Data extract
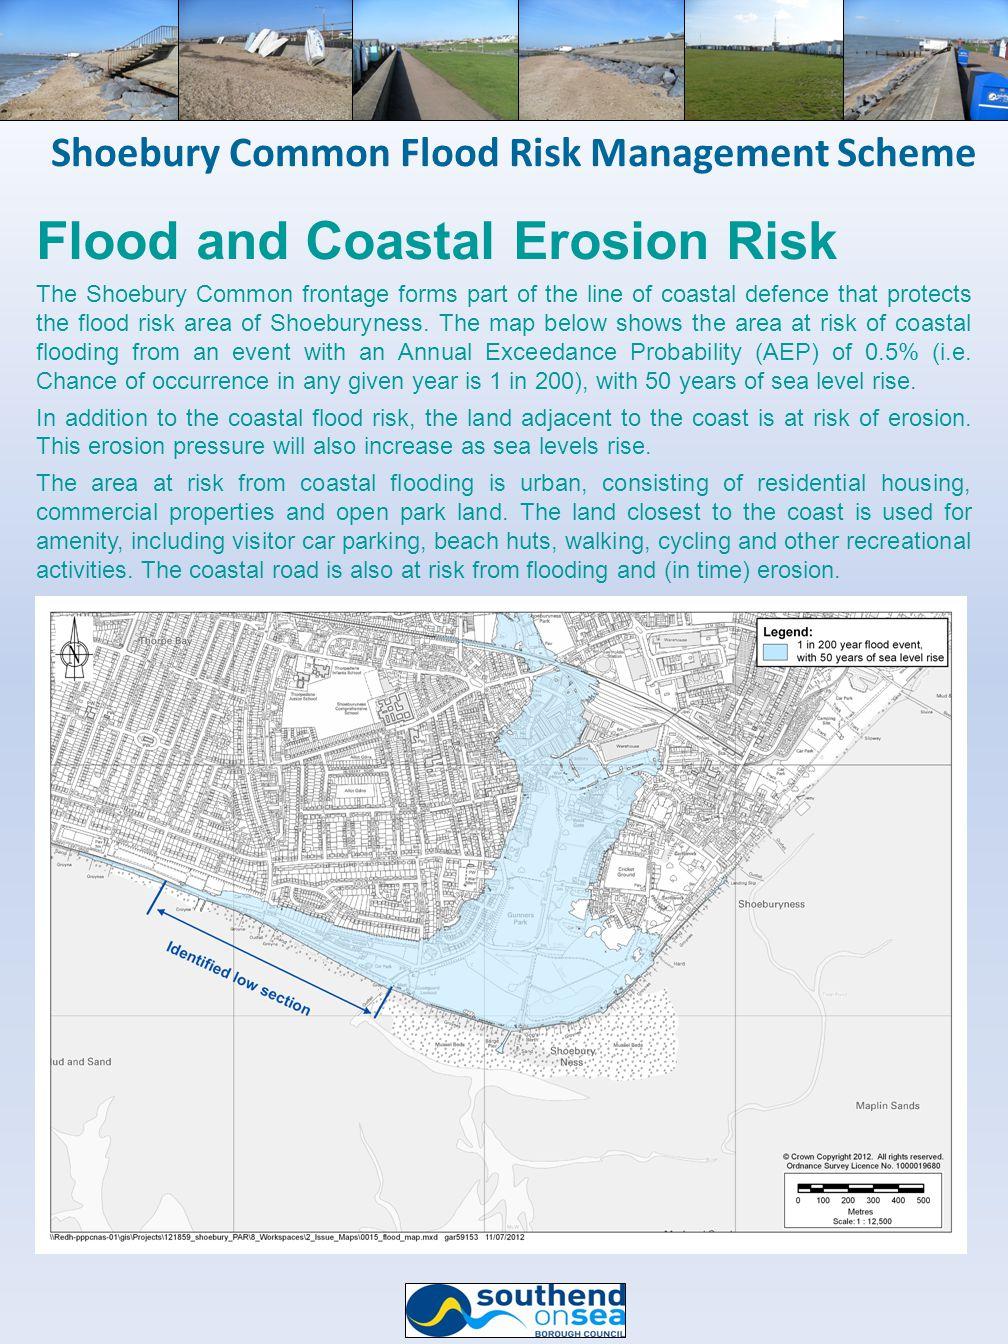 Shoebury Common Flood Risk Management Scheme Flood and Coastal Erosion Risk The Shoebury Common frontage forms part of the line of coastal defence tha
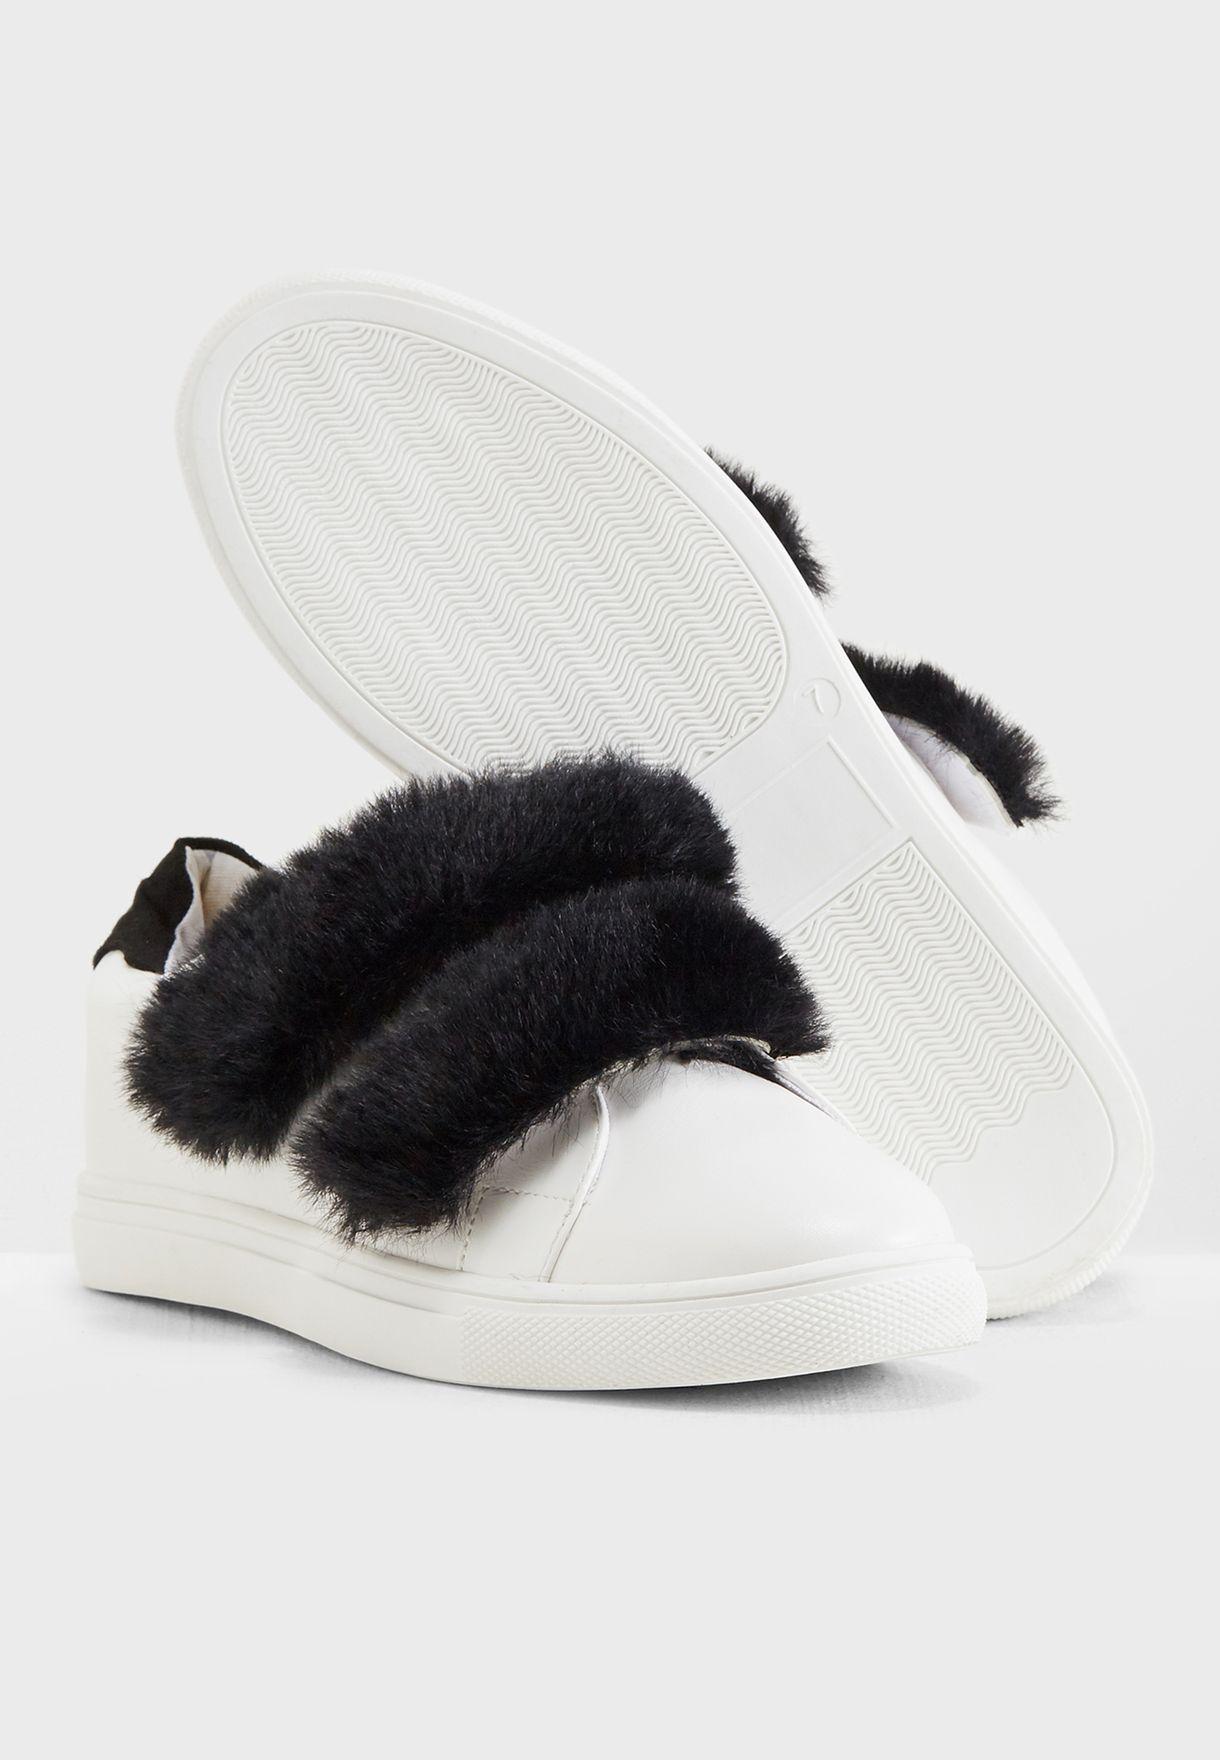 حذاء فلات مزين بالفرو
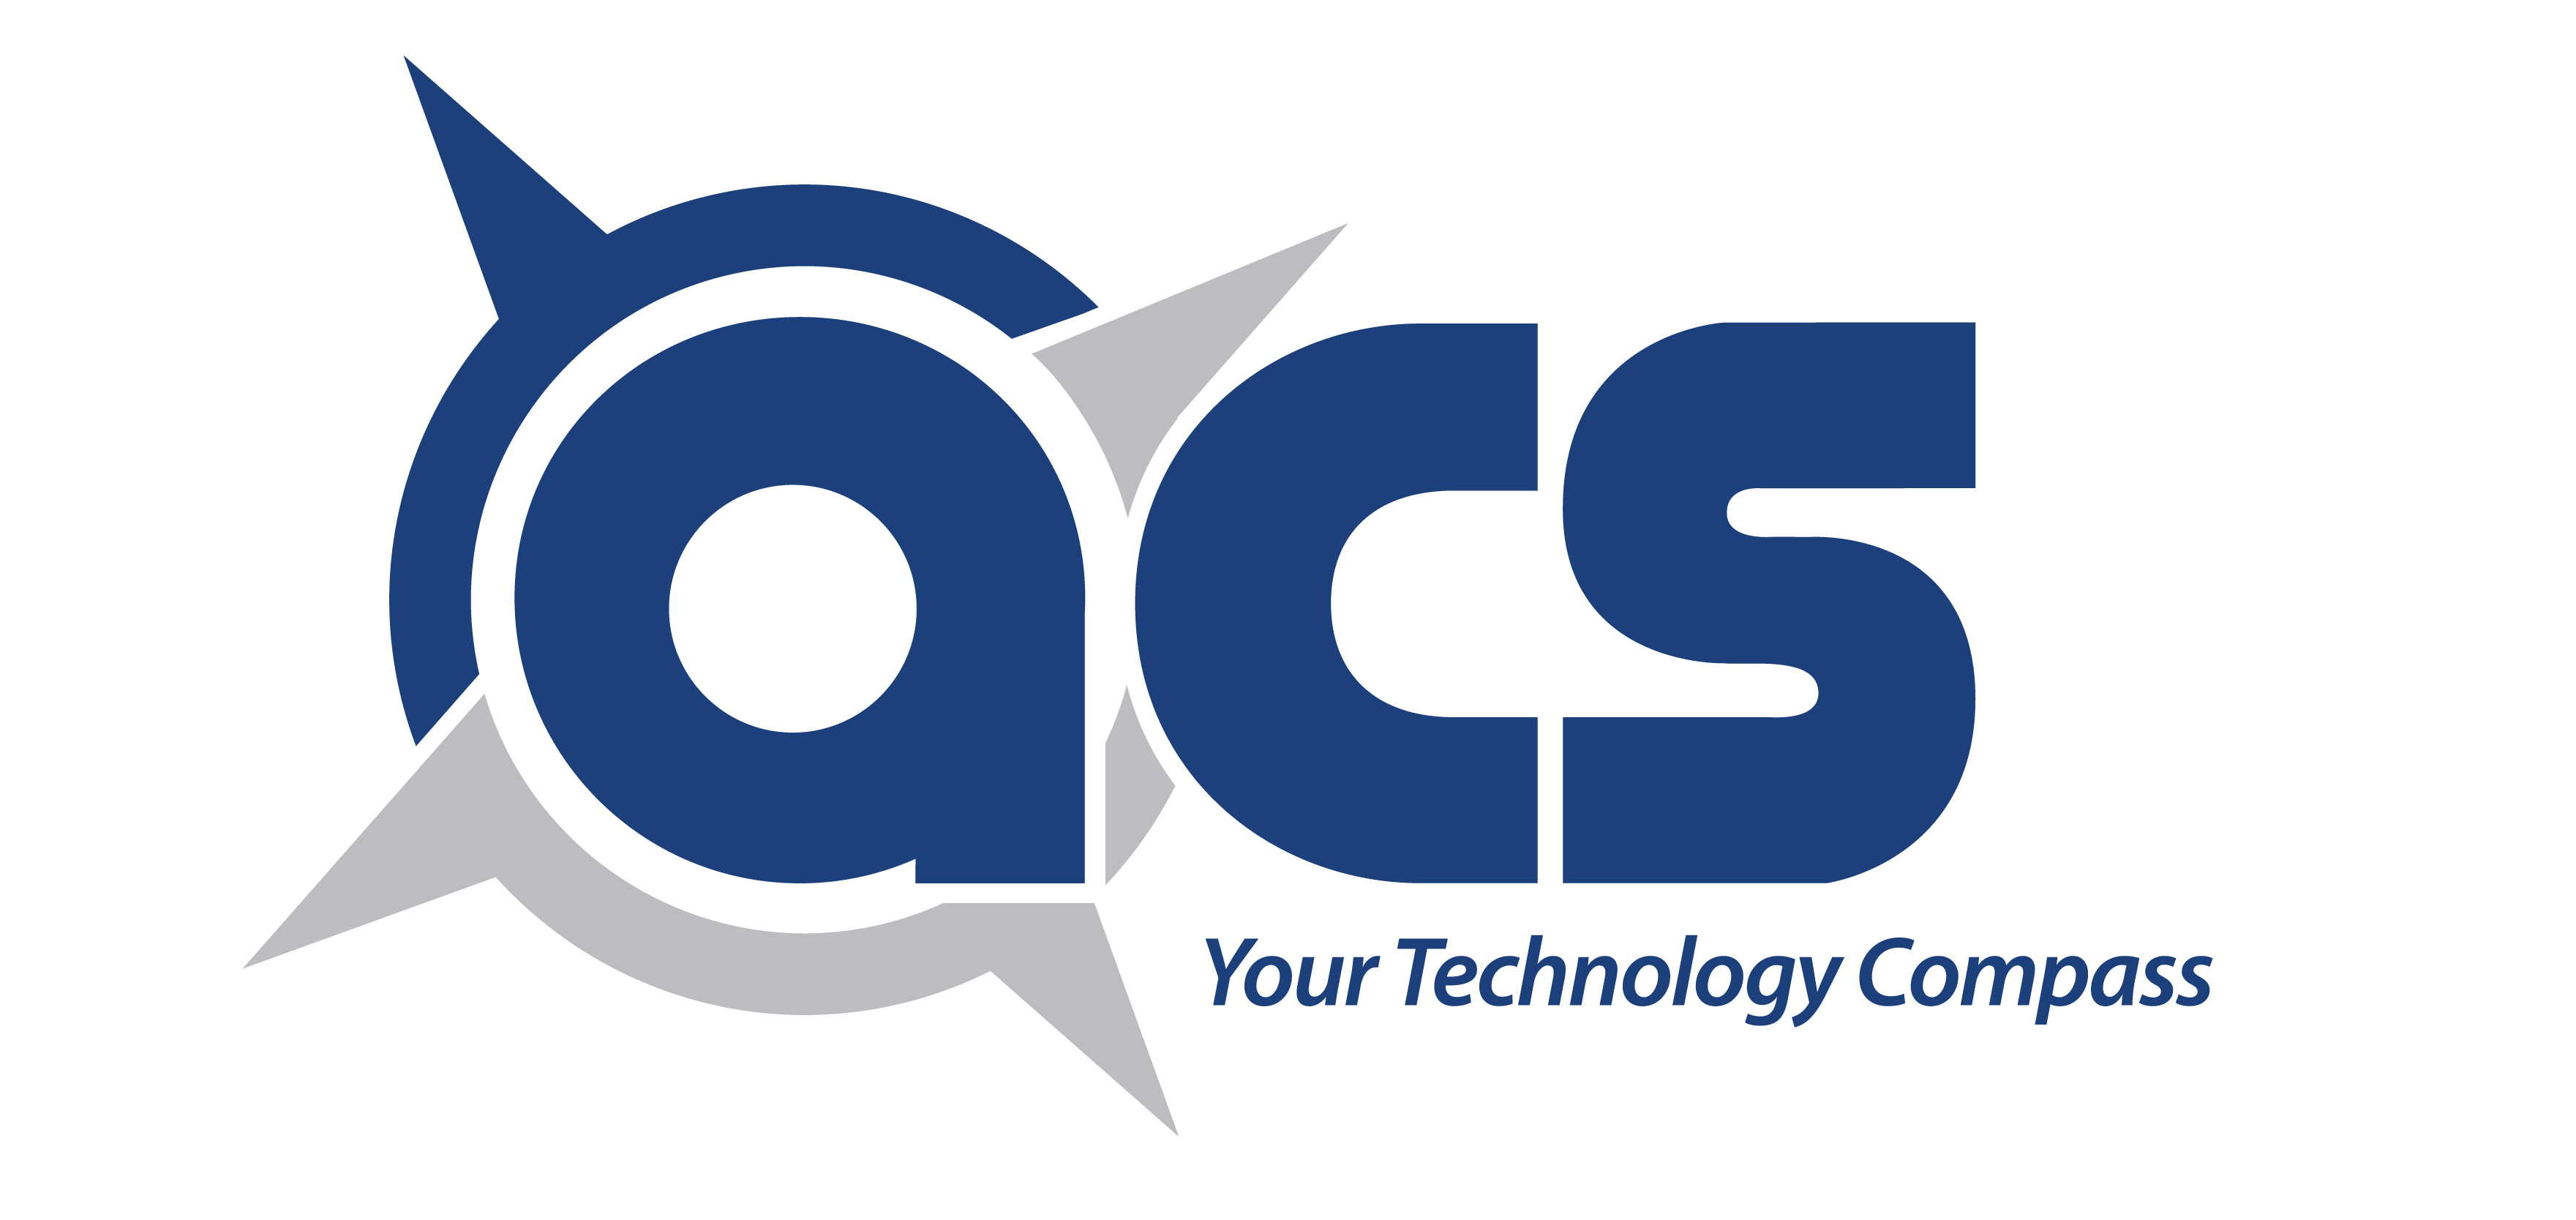 acs_logos_2015_HR_blue_grey
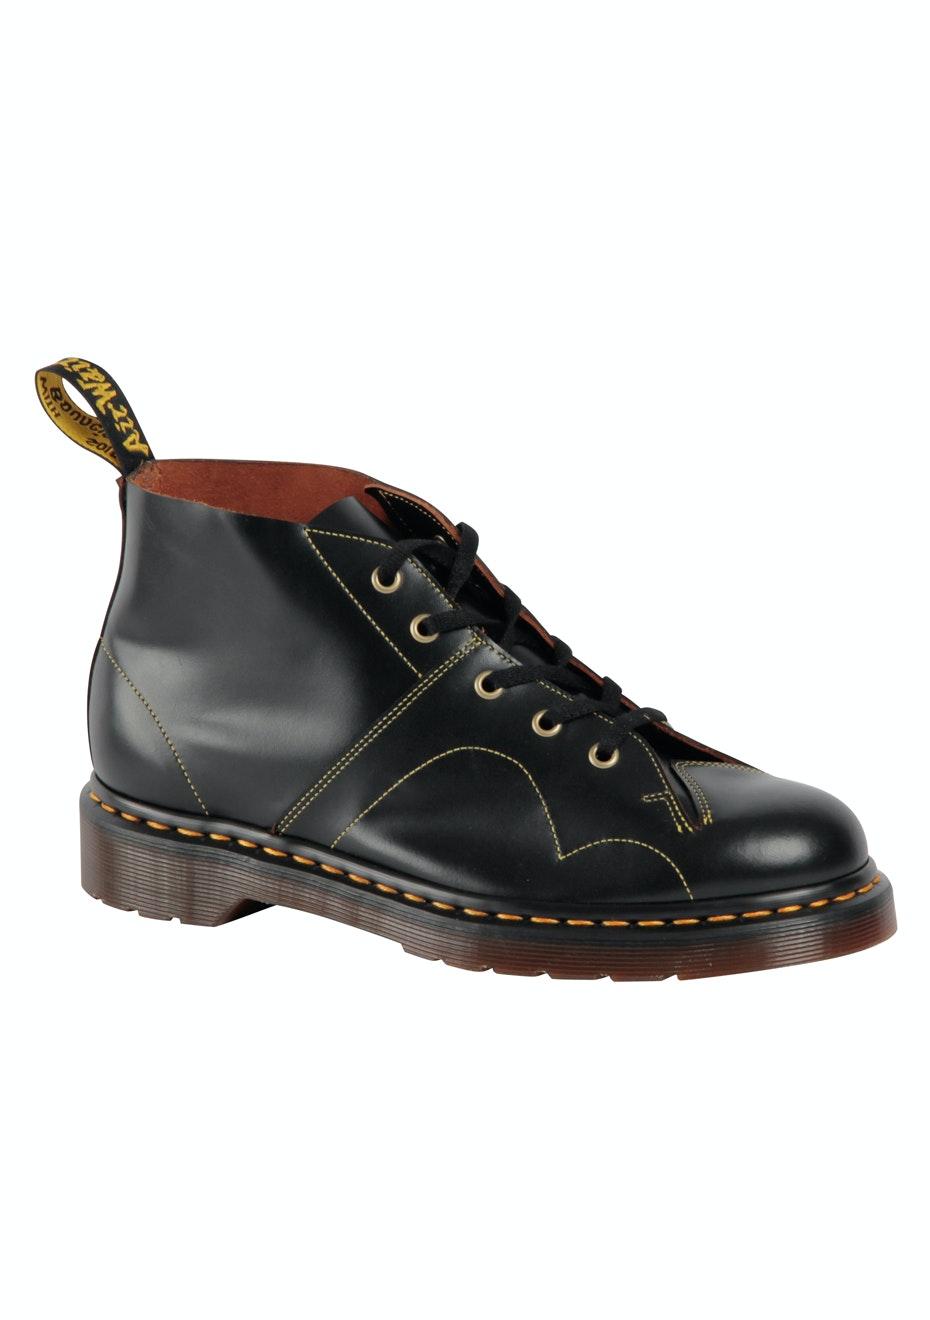 DR MARTENS - Church Monkey Boot - Black

What you have to do
Without any pictures, return the material above exactly.

Your response
 Shoebury Common Flood Risk Management Scheme Flood and Coastal Erosion Risk The Shoebury Common frontage forms part of the line of coastal defence tha
 حذاء فلات مزين بالفرو
 acs_logos_2015_HR_blue_grey
 DR MARTENS - Church Monkey Boot - Black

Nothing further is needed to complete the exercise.